Start of RAW DATA

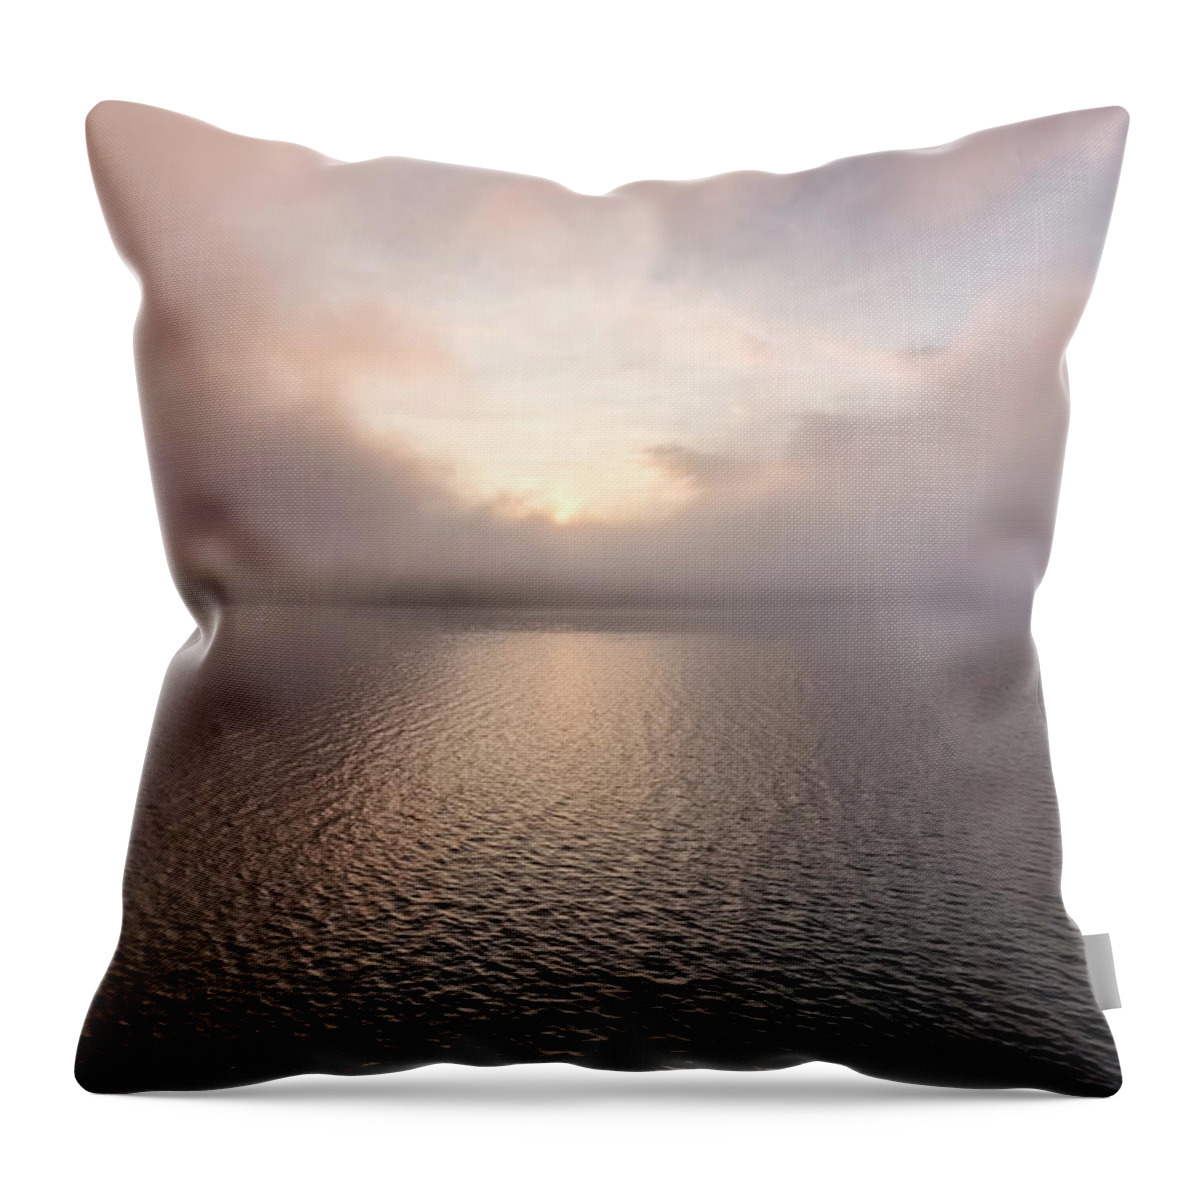 Spofford Lake New Hampshire Throw Pillow featuring the photograph Misty Morning II by Tom Singleton
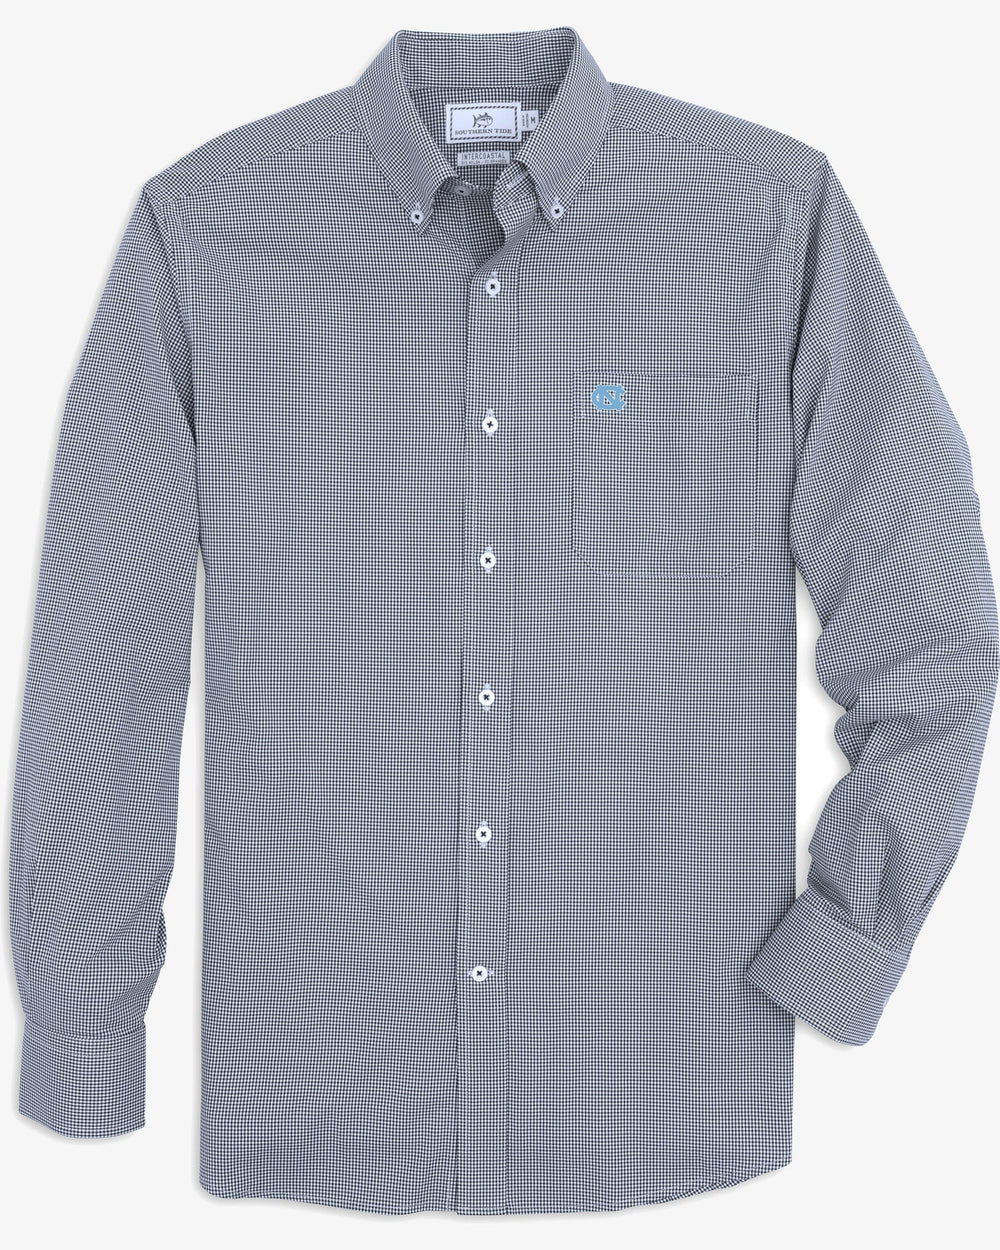 The front view of the Men's Light Blue UNC Tar Heels Gingham Button Down Shirt by Southern Tide - Navy
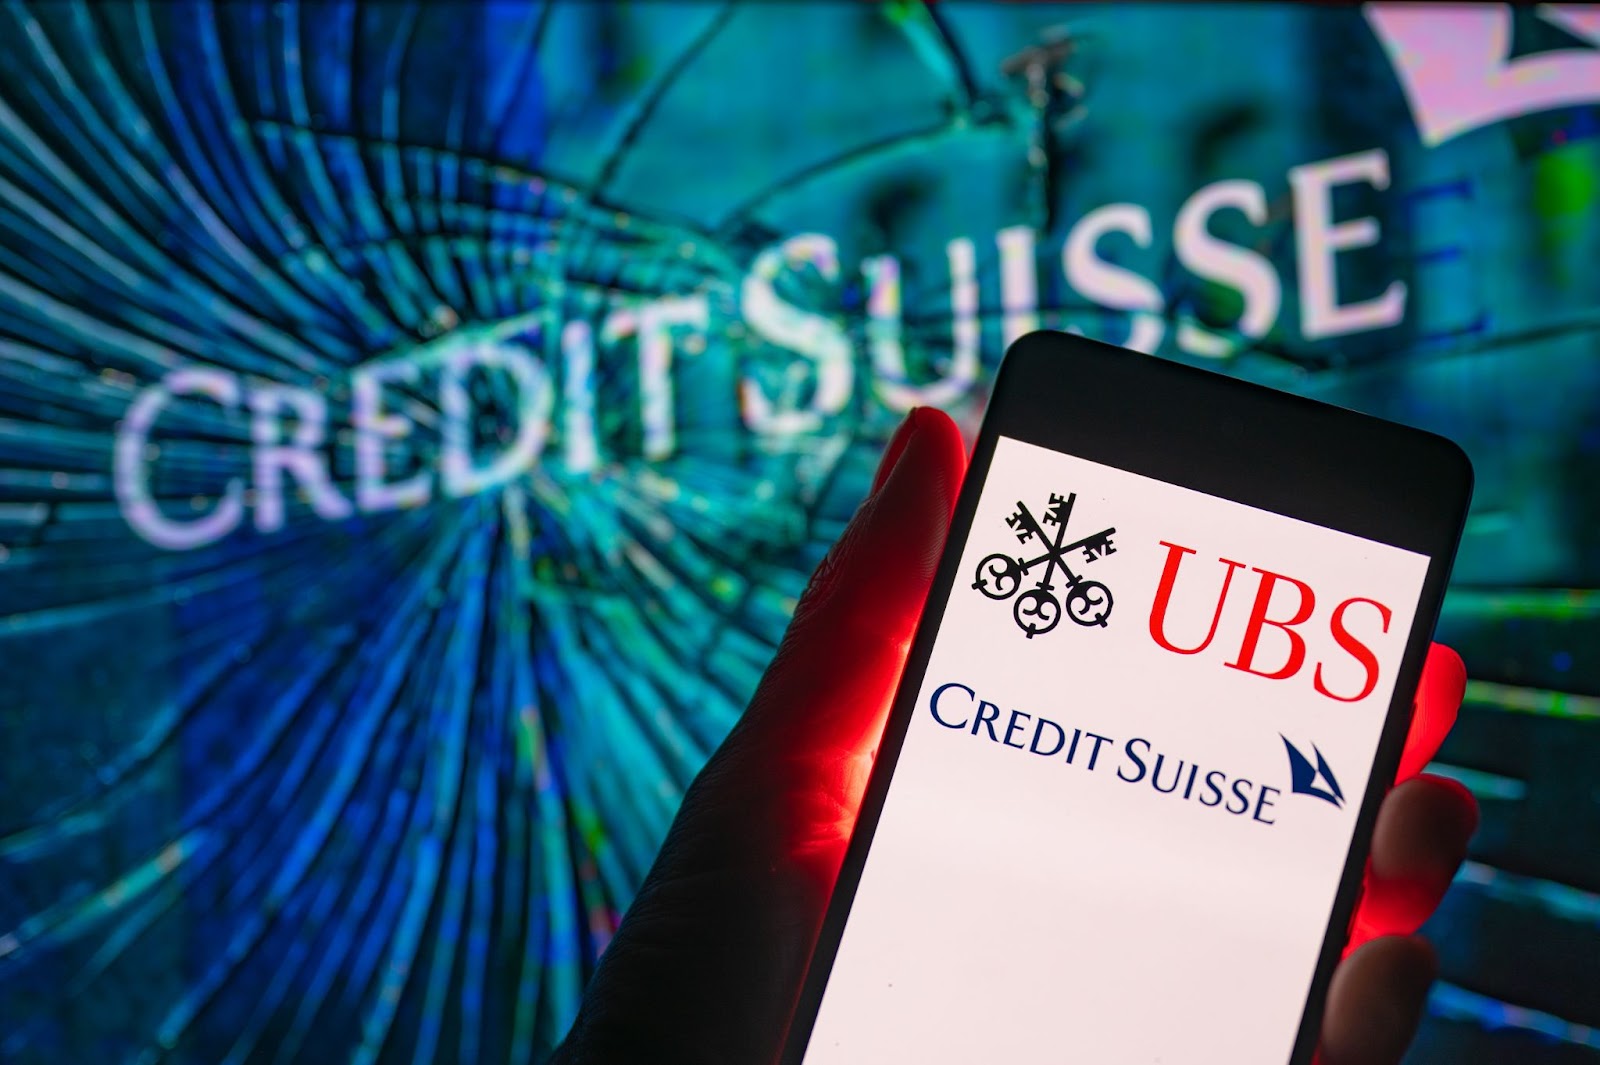 Credit Suisse is a Swiss banking company founded in 1856

End of RAW DATA

▶ _DIRECTIONS FOR THIS TASK_
Give back the material above exactly as written, but omit the images.

▶ _RESPONSE TO THE EXERCISE_
 Spofford Lake New Hampshire Throw Pillow featuring the photograph Misty Morning II by Tom Singleton
 The front view of the Men's Light Blue UNC Tar Heels Gingham Button Down Shirt by Southern Tide - Navy
 Credit Suisse is a Swiss banking company founded in 1856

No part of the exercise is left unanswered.